Sie sagten, Politikwissenschaftler seien mit Juristen nicht auf Augenhöhe ...

Thomas Grumke: Ich würde mich niemals dafür aussprechen, dass wir so eine Behörde ohne Juristen haben, das wäre absurd - aber traditionellerweise kommen Sie da ohne juristisches Staatsexamen für eine Führungsposition nicht in Frage. Und so sind auch die Referats- bzw. Gruppenleiter für Islamismus in der Regel Juristen, keine Islamwissenschaftler.

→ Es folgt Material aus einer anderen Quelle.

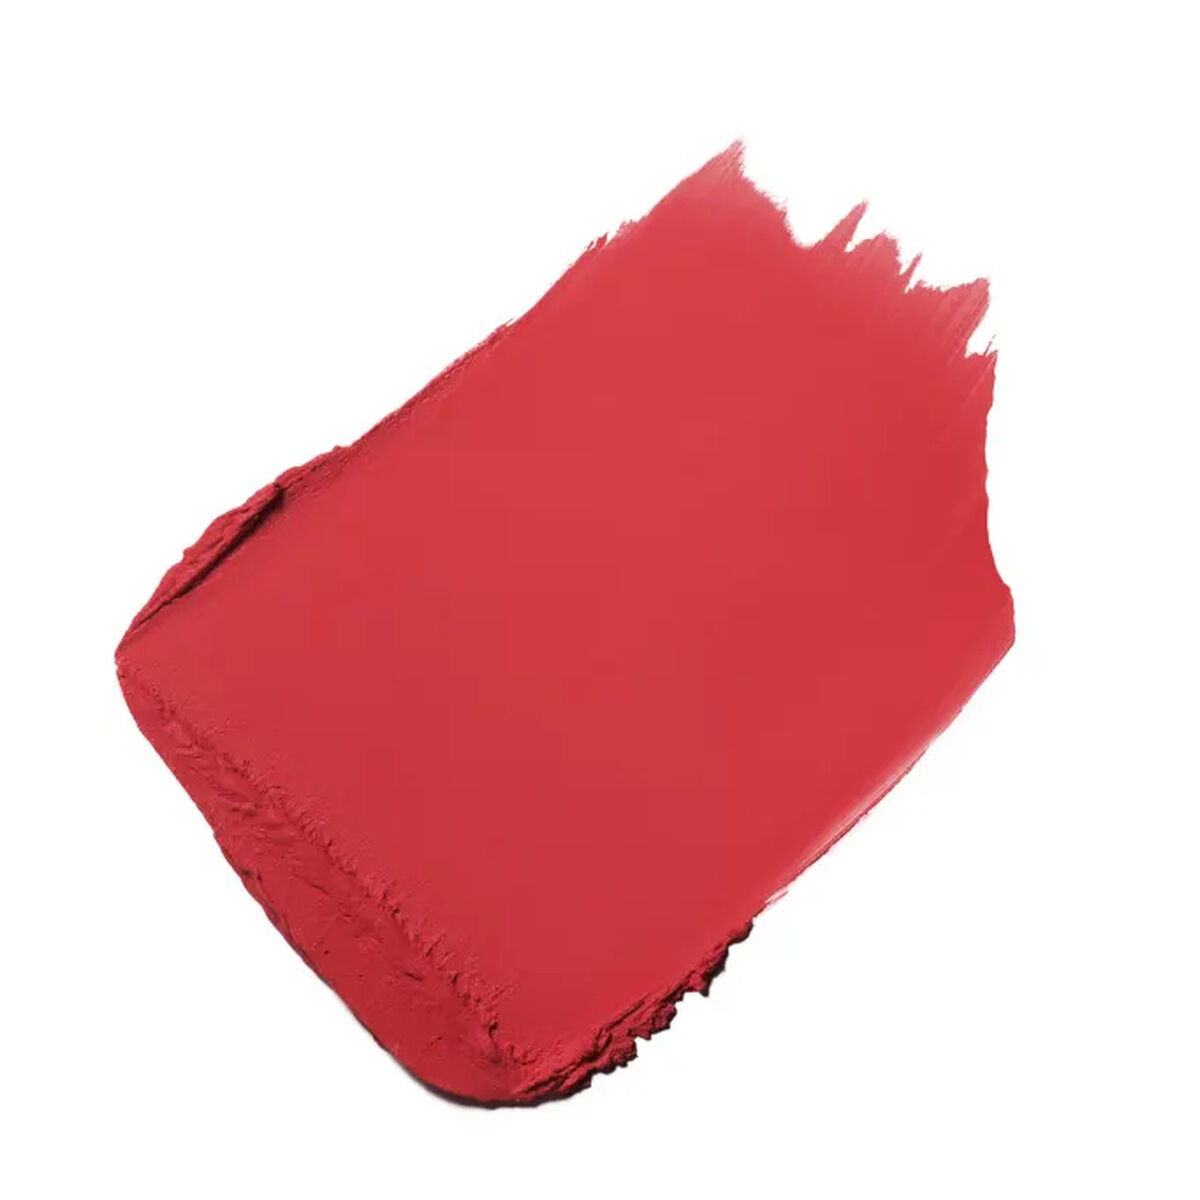 Kaufe Lippenstift Chanel Rouge Allure Velvet Nº 02:00 3,5 g bei AWK Flagship um € 72.00

Das liegt auch am Rotationsprinzip: Sie sind auf jeder Stelle ein paar Jahre, dann wechseln Sie, immer alle drei bis fünf Jahre innerhalb des Ministeriums. Wenn Sie 20 Jahre auf einer Position sind, ist das Endstation. In einer Behörde wird die so genannte "Verwendungsbreite" hergestellt. Das Problem für Nicht-Juristen besteht darin, dass sie diese Rotation nicht mitmachen können. Was hätte ich im Innenministerium sonst machen können?

In der Süddeutschen Zeitung stand mal, der Verfassungsschutz sei eine Behörde mit nachrichtendienstlichem Anhang. Das finde ich sehr treffend.